In a further embodiment, the primary chamber comprises a plurality of heat
transfer fins that are configured to transfer heat from the primary chamber to the
heating chamber, and the plurality of heat transfer fins may be attached to an
exterior surface of the primary chamber. According to an embodiment, the plurality
of heat transfer fins may be made of the same material as the primary chamber.
According to an embodiment, the primary chamber section may include a
drive motor configured to rotate the primary chamber, and the drive motor may be
attached to a bottom surface of the primary chamber and the heating chamber. In
an embodiment, the feedstock may include computer or electrical equipment, or
medical waste items. In another embodiment, the secondary chamber section may
include a syngas combustion air fan configured to supply combustion air to the
secondary chamber. According to an embodiment, the secondary chamber section
may include a syngas combustion air diffuser connected to the syngas combustion
air fan and the secondary chamber exhaust duct.
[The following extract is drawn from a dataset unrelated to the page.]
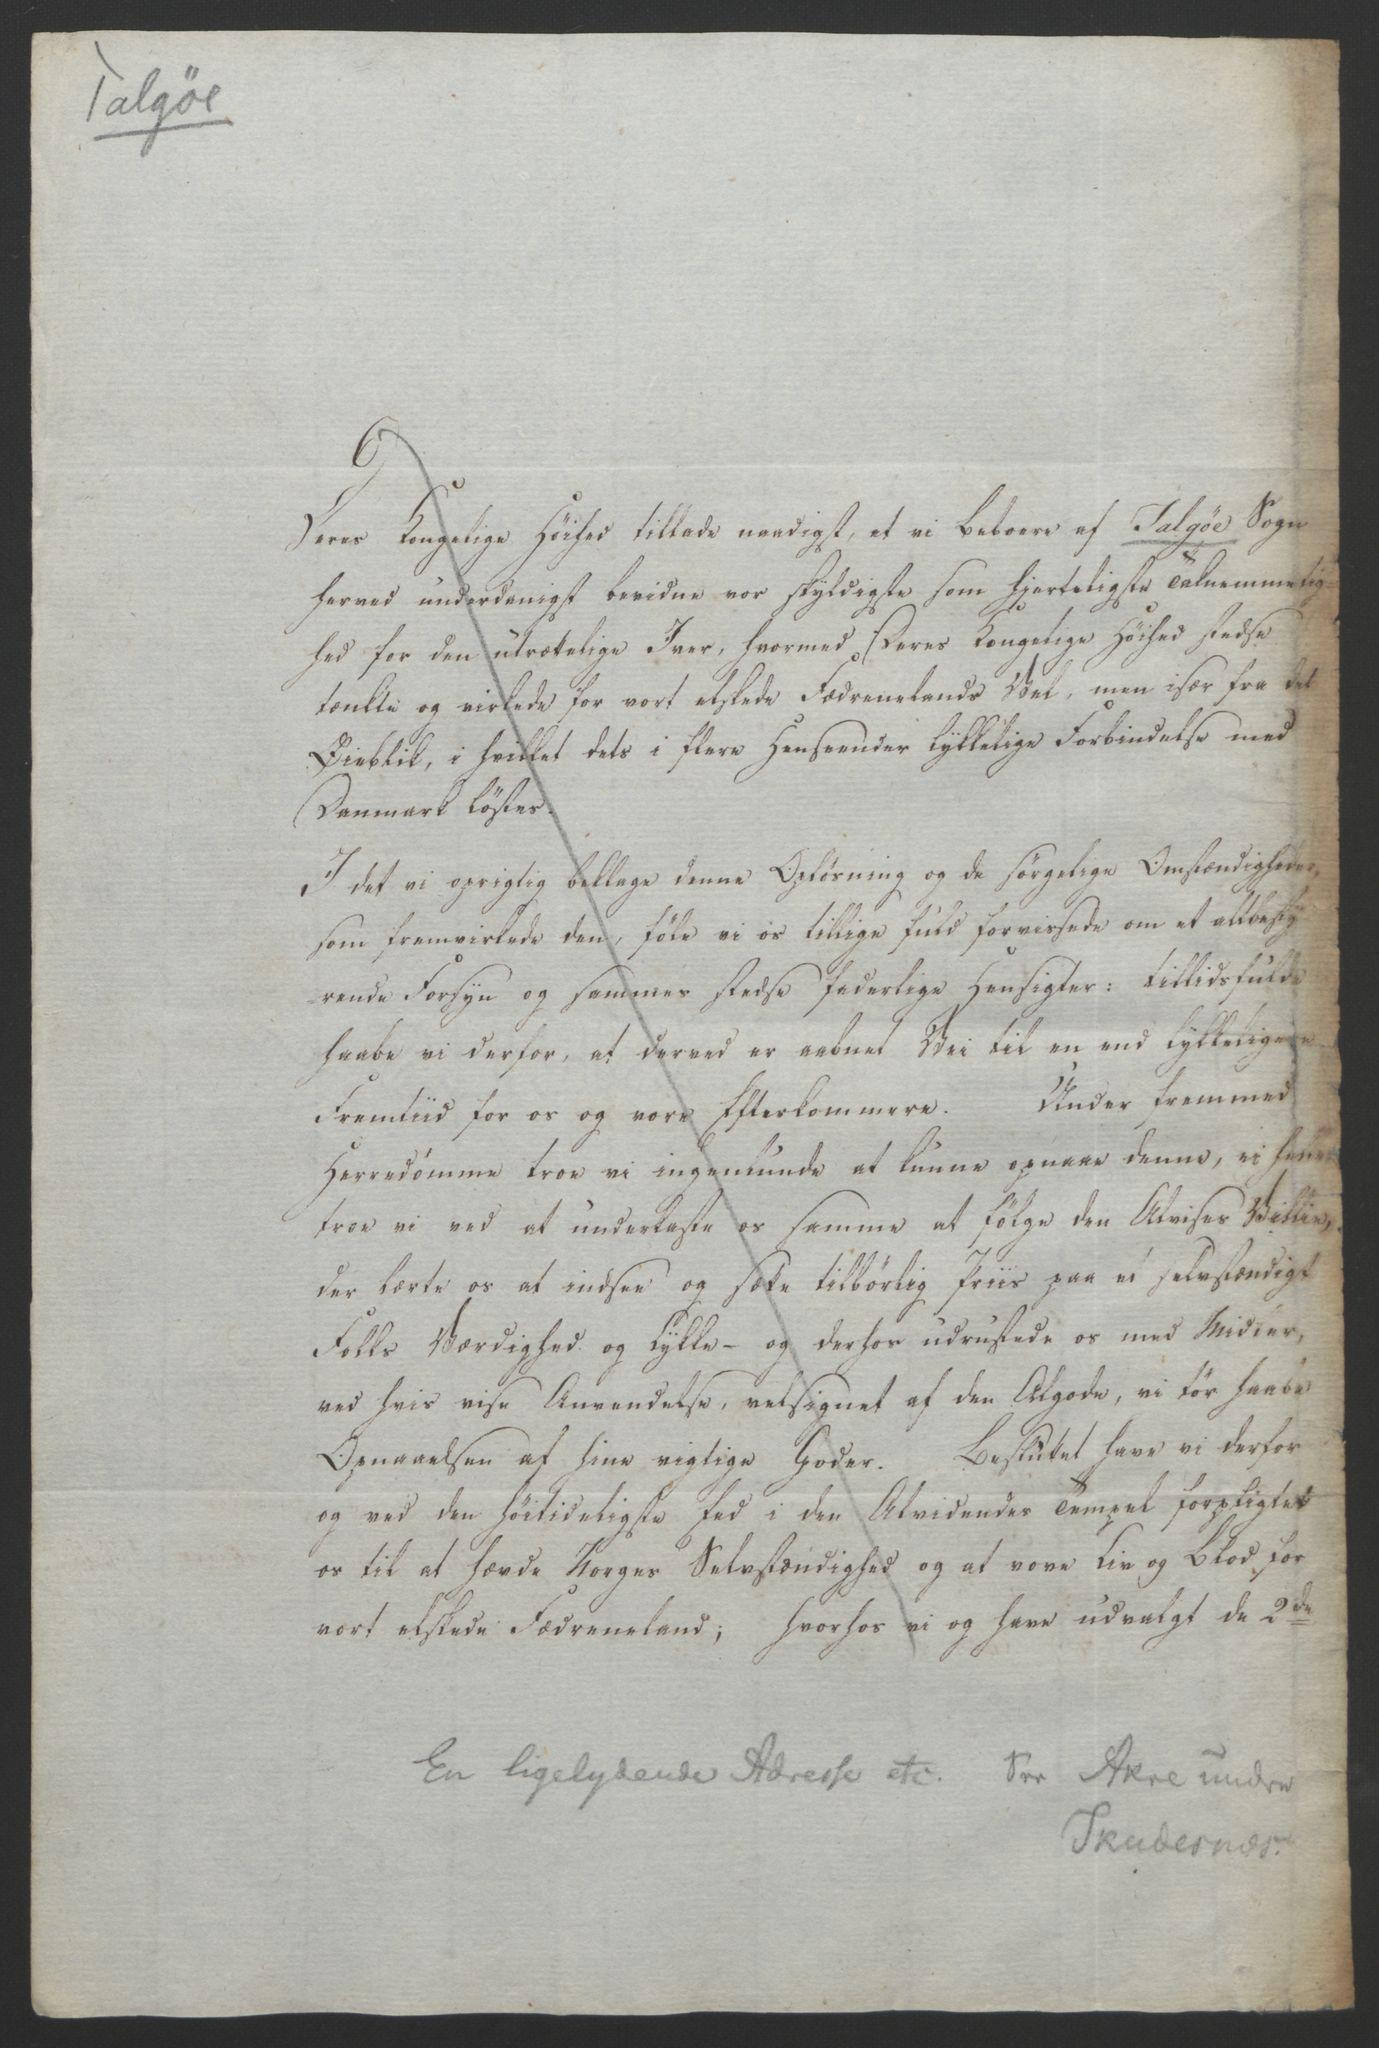 RA, Statsrådssekretariatet, D/Db/L0008: Fullmakter for Eidsvollsrepresentantene i 1814. , 1814, s. 216

BRIEF DESCRIPTION OF THE DRAWINGS
The accompanying drawings, which are included to provide a further
understanding of the invention and are incorporated in and constitute a part of this
specification, illustrate preferred embodiments of the invention and together with
the detailed description serve to explain the principles of the invention. In the
drawings:
Figure 1(A) illustrates a gasifier system according to certain embodiments.
Figure 1(B) illustrates a backside view of the gasifier system of Figure 1(A)
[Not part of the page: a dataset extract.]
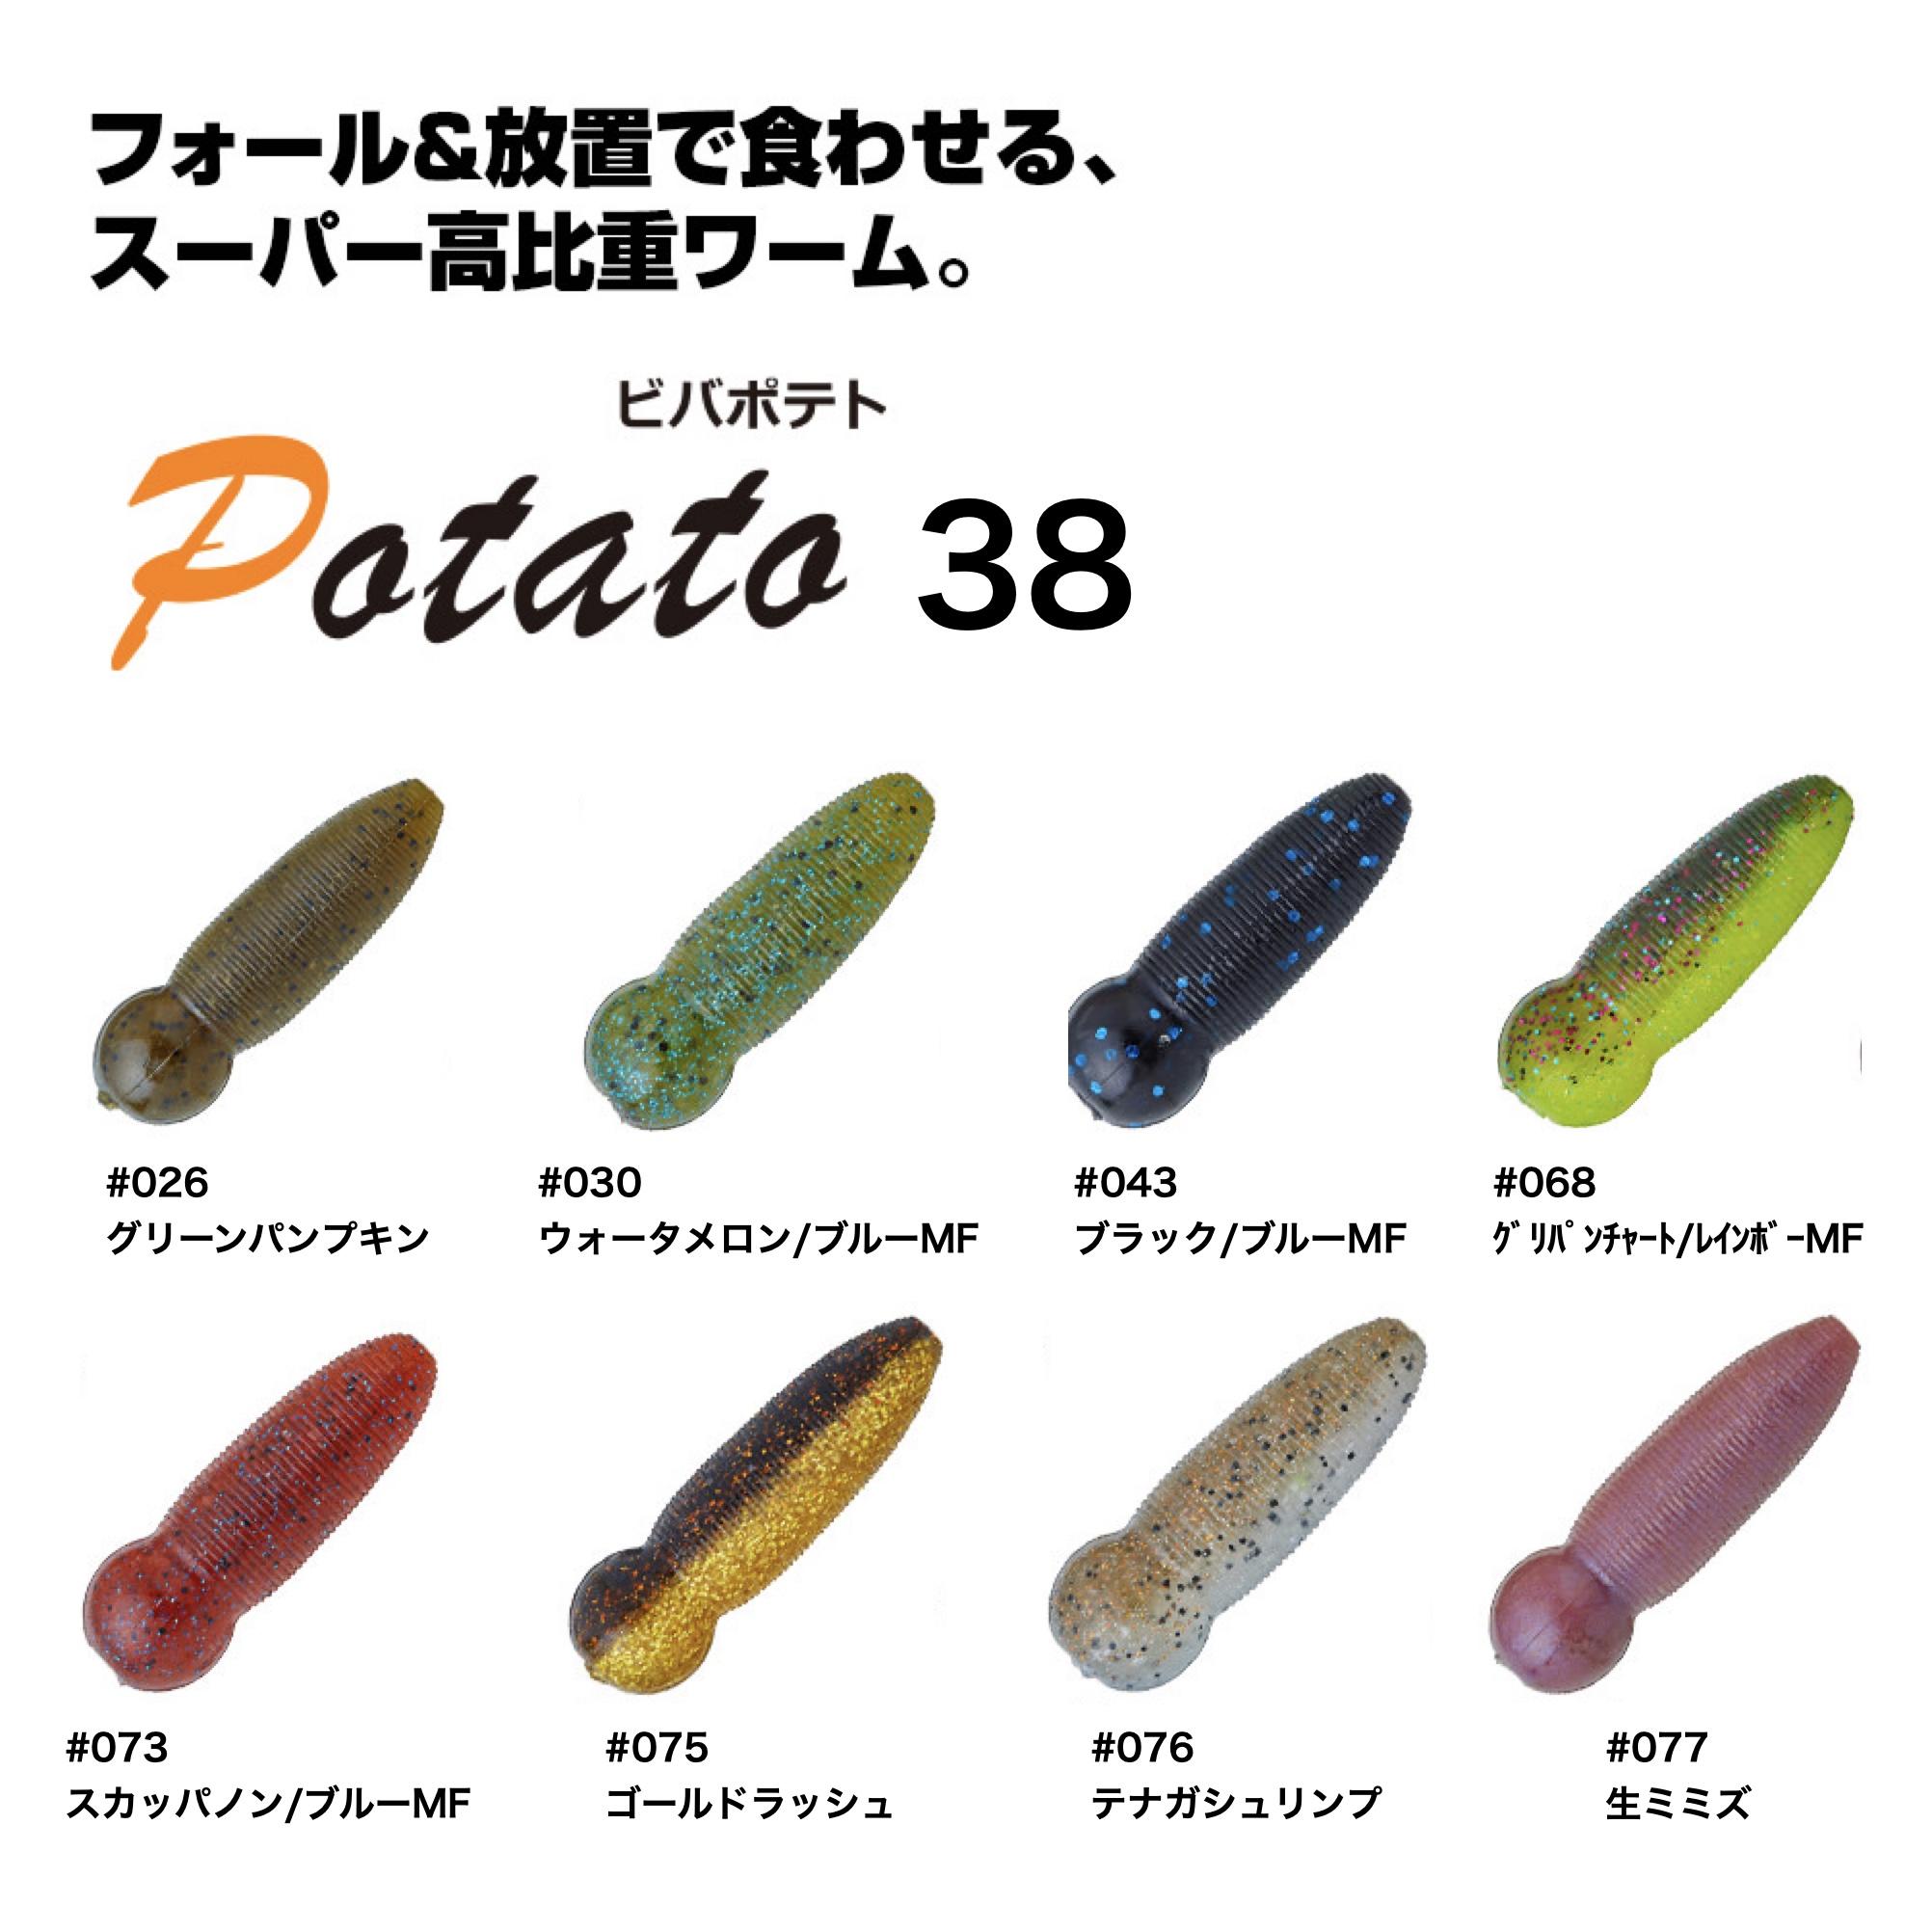 ビバ ポテト 38

according to certain embodiments.
Figure 2(A) illustrates a perspective view of the primary chamber of Figures
1(A) and 1(B) including a cut-out interior view of the primary chamber according to
certain embodiments.
Figure 2(B) illustrates a plan view of the primary chamber according to certain
embodiments.
Figure 2(C) illustrates a side view of the primary chamber according to certain
embodiments.
Figure 3(A) illustrates an internal cross-sectional view of the primary chamber
of Figures 1(A) – 2(C) according to certain embodiments.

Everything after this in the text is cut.